Gabrielle Chanel lived in a lacquered box where sailing ships, palaces, flowers and birds, in flashes of gold and deep red, stood out against the darkness of the night. This dream landscape held such charm for her that she wished to always keep it with her: it was that of the Coromandel screens, which she discovered in the 1910s, with her great love, Boy Capel. The screens followed her from her mansion on Avenue de New-York; to the Rue du Faubourg Saint-Honoré in 1923; to her suite at the Ritz Paris; and then her villa in Lausanne in 1968. She never became tired of searching for new ones, and, at one point, owned more than thirty. Some she gave away, but she always ensured to keep enough for herself, to, in her words, “upholster my home.” “I’m like a snail,” she confided to Claude Delay. “I carry my house with me… Two Chinese screens, books everywhere. I’ve never been able to live in an open house. The first thing I look for is screens.”

Trestles of privacy, the Coromandel screens provided a daily decor that she could easily move from one space to the next, cut, stick, detach, reduce, and transform according to her needs and desires. She would attach photographs and drawings by her artist friends, forming a background web for the imaginary theater in which she liked to immerse herself.

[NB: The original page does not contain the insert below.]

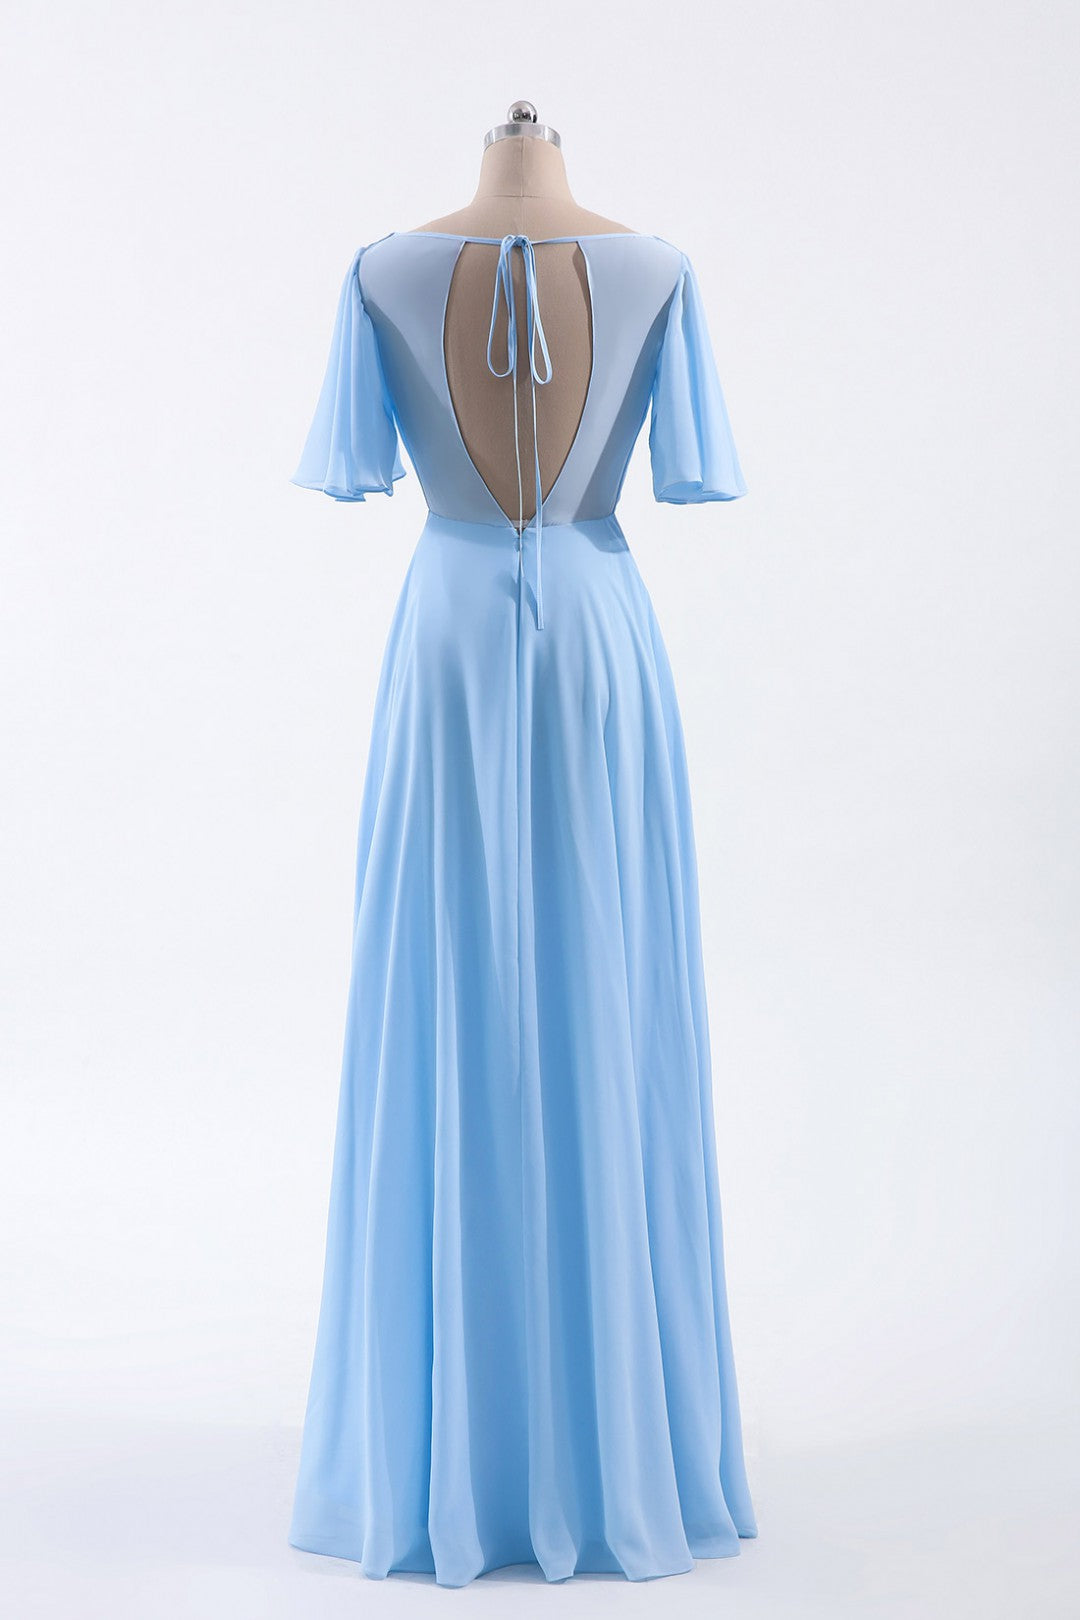 Flutter Sleeves Blue Chiffon A-line Long Bridesmaid Dress

“When I look at this screen in the evening, for example,” she continued, “I see doors opening and knights setting off on horseback.” … The Coromandel lacquers evoke images of mythical China, Imperial Cathay and the Coromandel Coast of East India - from where these screens departed for Europe and to which gave them their name. They also conjure up Marco Polo’s Book of Wonders. His Venetian birthplace, the gateway to the Orient, one of Chanel’s favorite places, which she often visited with her friend Misia and her husband, the extravagant José-Maria Sert - another connoisseur of subtle lacquers, who encouraged Chanel’s taste for the baroque and the opulent.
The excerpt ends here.